--- Data excerpts Enclosed Below ---
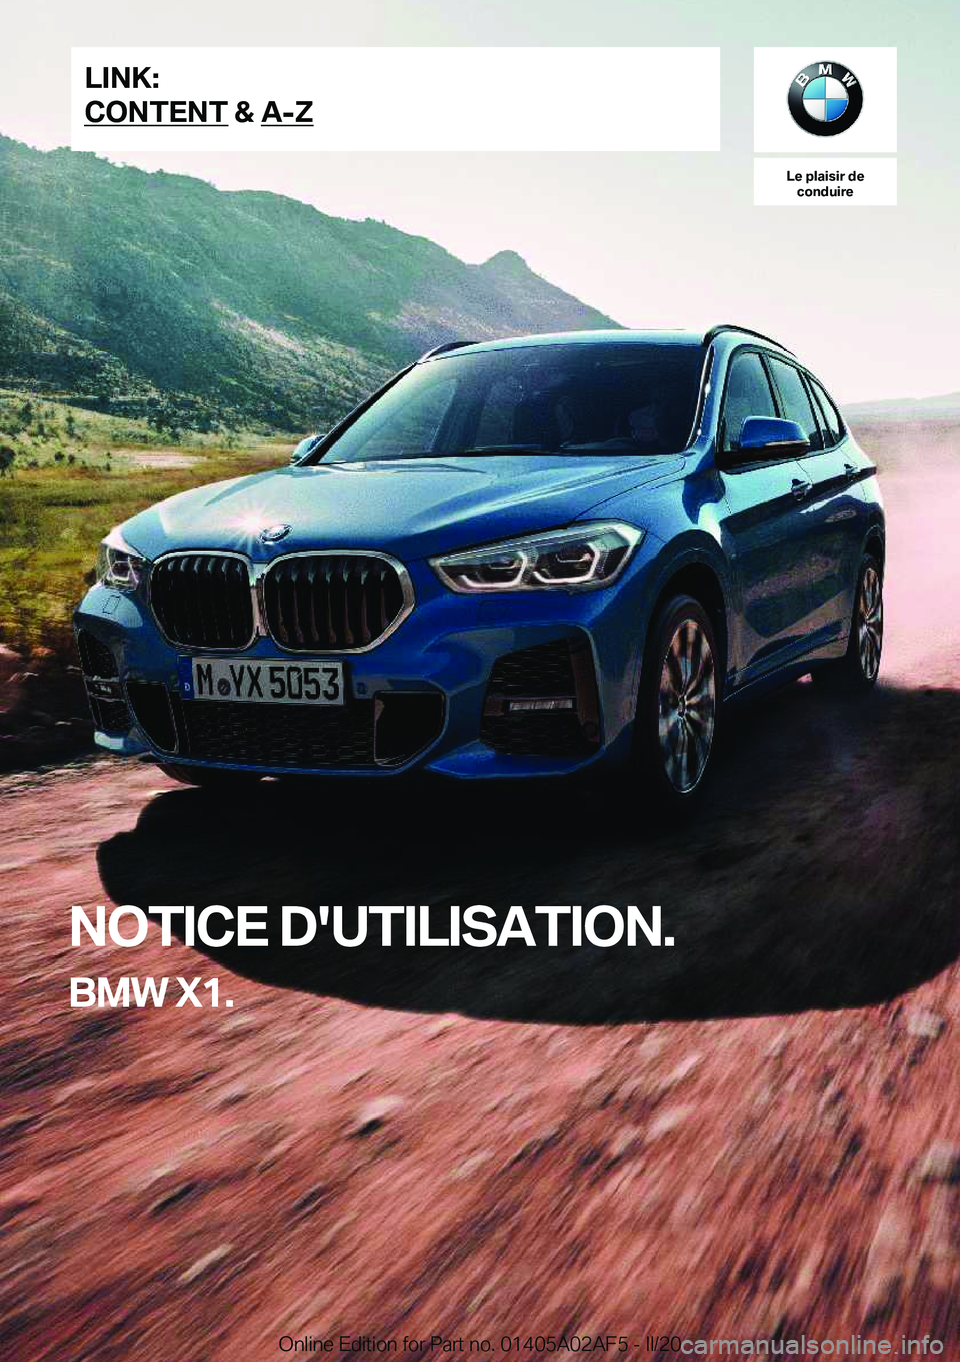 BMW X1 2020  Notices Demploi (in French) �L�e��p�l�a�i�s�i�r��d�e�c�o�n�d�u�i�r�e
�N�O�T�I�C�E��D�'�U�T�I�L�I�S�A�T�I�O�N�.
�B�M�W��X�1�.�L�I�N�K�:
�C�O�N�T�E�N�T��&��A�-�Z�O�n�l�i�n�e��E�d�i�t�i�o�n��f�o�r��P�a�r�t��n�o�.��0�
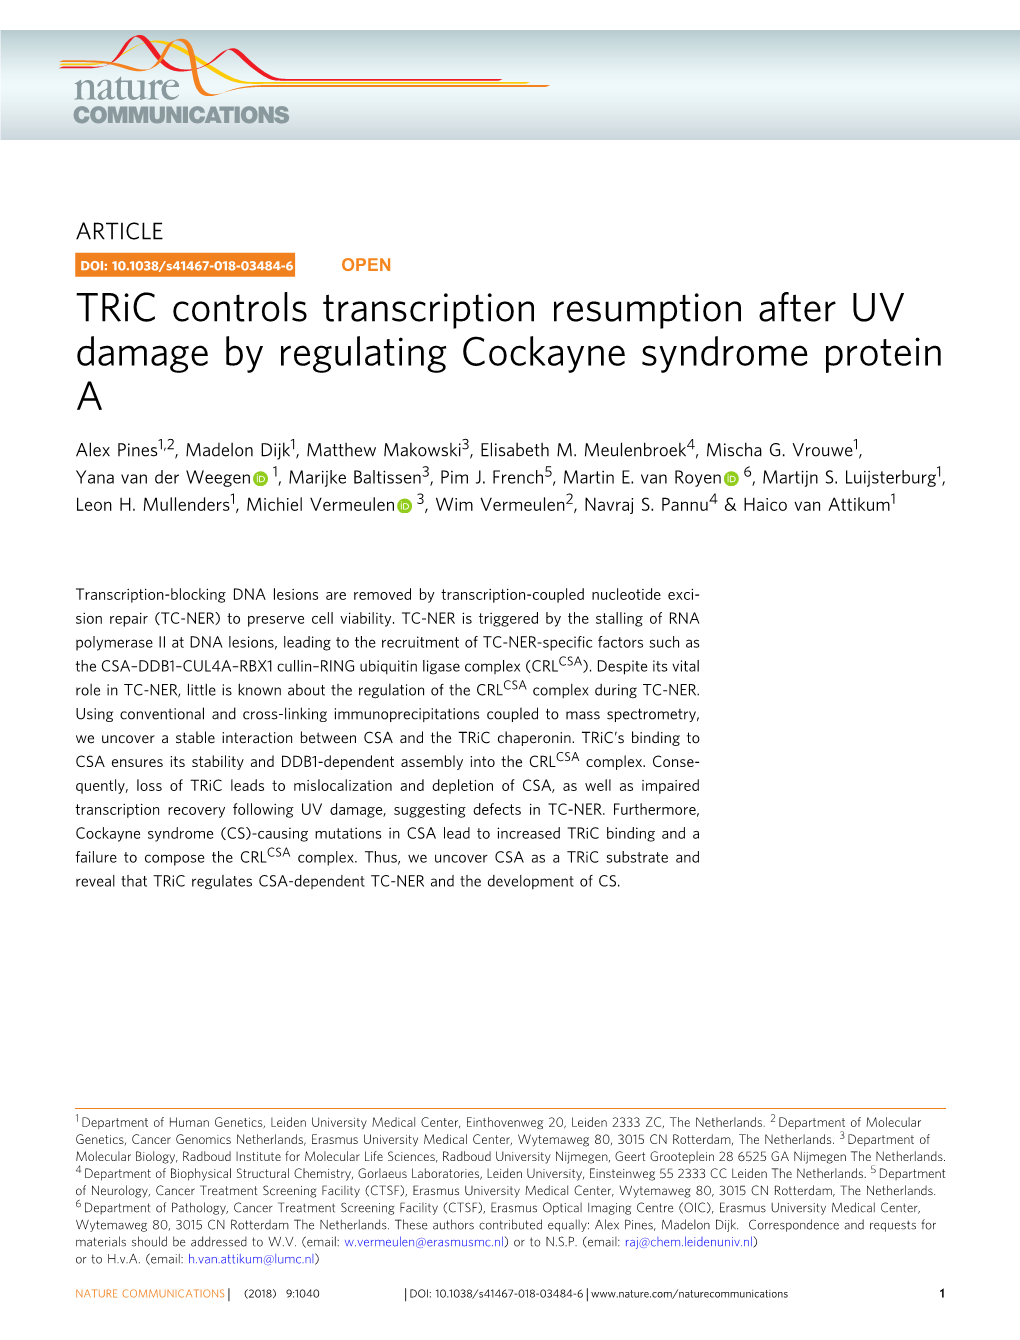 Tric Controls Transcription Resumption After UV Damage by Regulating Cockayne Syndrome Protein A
--- End of Enclosed Data excerpts ---
Each record above is to be written out exactly; the pictures are not.

 BMW X1 2020  Notices Demploi (in French) �L�e��p�l�a�i�s�i�r��d�e�c�o�n�d�u�i�r�e
�N�O�T�I�C�E��D�'�U�T�I�L�I�S�A�T�I�O�N�.
�B�M�W��X�1�.�L�I�N�K�:
�C�O�N�T�E�N�T��&��A�-�Z�O�n�l�i�n�e��E�d�i�t�i�o�n��f�o�r��P�a�r�t��n�o�.��0�
 Tric Controls Transcription Resumption After UV Damage by Regulating Cockayne Syndrome Protein A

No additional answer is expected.